C’è un denominatore comune nei brani che scalano le classifiche fino a piazzarsi ai primi posti. Un elemento vincente. Coincide con la categoria di musicisti di cui, volutamente o no, ci si dimentica più facilmente nella fase di ascolto finale di un brano. Si tratta del coro.
Sorprendentemente, è quanto dimostra lo studio realizzato in via congiunta dal professor Andrea Ordanini, dipartimento di Marketing dell’Università Bocconi, e Joseph Nunes, Univeristy of Southern California. I due hanno analizzato 2500 canzoni pescate tra quelle degli ultimi 55 anni. Hanno scandagliato in particolare la strumentazione usata e l’apporto che questa fornisce al completamento di una canzone. I dati risultanti sono stati incrociati con quelli relativi alle 1029 canzoni della Billboard Hot 100 nel periodo 1958 – 2012 e le 1451 canzoni che non sono rientrate tra le prime 10. La parte pratica è stata affidata alle orecchie esperte degli studenti dottorandi in musicologia della Usc, cui è stato dato anche il compito di enumerare e codificare i tipi di strumenti e i cori effettivamente percepiti nell’ascolto.
Il risultato lo conoscete già. La divisione è stata operata seguendo uno schema di tipo “coro/sintetizzatore/chitarra pura” e “coro/sintetizzatore/chitarra distorta”, proprio perché questo è il modello applicabile alla maggior parte delle canzoni rientranti delle top hit. Per fare un esempio noto, la formula è risultata presente in tutti i più grandi successi di Michael Jackson, da Billie Jean a Bad. Le configurazioni per i pezzi posti in fondo alle liste erano tre: chitarra acustica, pianoforte acustico e nessuna stringa; chitarra pura e pianoforte acustico e basso; sintetizzatore e niente pianoforte elettronico. Questo è quanto successo, ad esempio, durante l’ascolto di Nothing really matters di Madonna. Insomma, l’accompagnamento vocale risulta una costante nei brani di successo.

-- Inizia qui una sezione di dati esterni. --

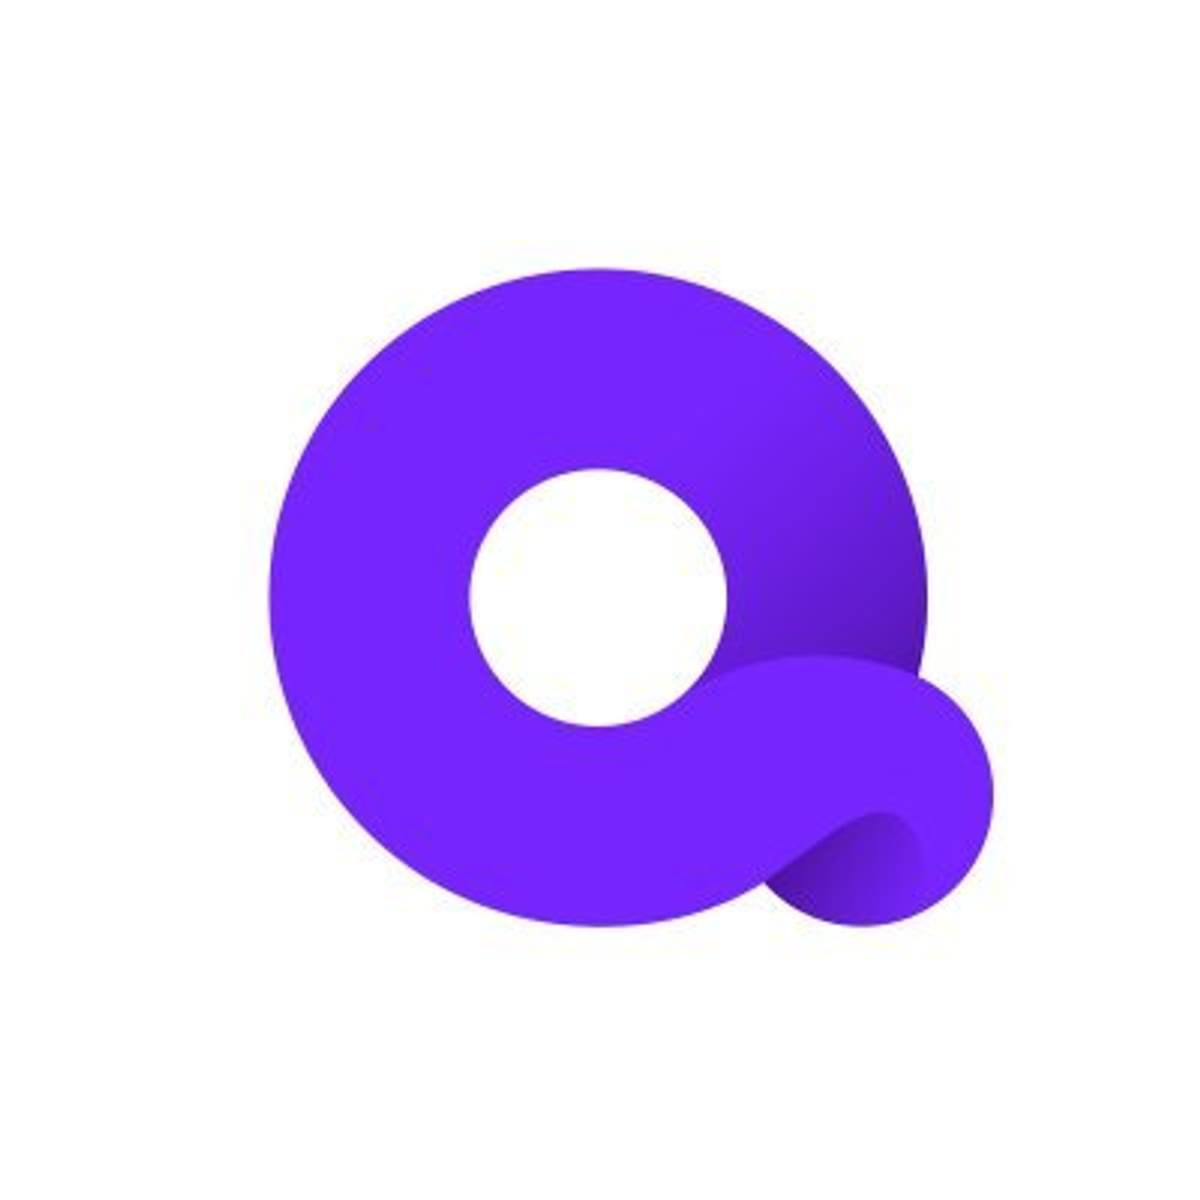 Streaming services platform Quibi stopt ermee image

A cosa è dovuto veramente il successo del coro, lo spiega con una sua interpretazione proprio Ordanini:”la presenza di coristi aiuta a definire il ‘timbro vocale‘ e facilita la ripetizione delle parti più orecchiabili della canzone”. Diversa è la questione dal punto di vista degli altri strumenti. Mediamente un gruppo che suona ne annovera dai 3 ai 5 ma lo stesso studio rivela che le posizioni di successo cambiano in base all’utilizzo di più o meno strumenti. Nel tempo però, le preferenze di quella che in gergo tecnico è detta “densità” musicale sono cambiate molto: fino a metà anni ’70 si apprezzava la purezza e semplicità dei suoni, che naturalmente non richiedevano un grande complesso di strumenti. Da lì in poi la tendenza si è invertita, venendo ad essere molto apprezzati virtuosismi particolari e complessità notevoli. Questo almeno fino agli anni 2000. Attualmente c’è una significativa riscoperta di una purezza sonora, in realtà difficile da ricreare e apprezzare con gran parte dei dispositivi sul mercato. Continua Ordanini:”Il consumatore sembra dunque premiare le canzoni con una struttura strumentale semplice o sofisticata, e caratterizzate da specifiche configurazioni strumentali nelle quali spicca il ruolo giocato dal coro”. Morale della storia, vi piacciano o no le band con membri numerosi, se volete davvero vincere premi formate un coro.
Naturalmente, al di là delle battute, il coro non può essere l’unica variabile da prendere in considerazione per determinare il successo di un artista, si intende. Questo lo spiegano direttamente relatori nel loro studio. Le opportunità, anche dal punto di vista mediatico e commerciale, giocano un ruolo fondamentale. Il dato “corale” resta, ovviamente molto significativo. Anzi, c’è da chiedersi se lo vedremo direttamente applicato alla prossima edizione di Sanremo, in partenza proprio oggi. Nel 2013 addirittura il coro dell’Armata Rossa si presentò in scena per duettare con Toto Cutugno. Per quest’anno nulla è dato sapere, magari vedremo un’altra sorpresa canora. “Se la strumento non è tocco, non si sa che voce abbia” recita un proverbio popolare. Per fortuna in un coro di voci ce ne sono molte.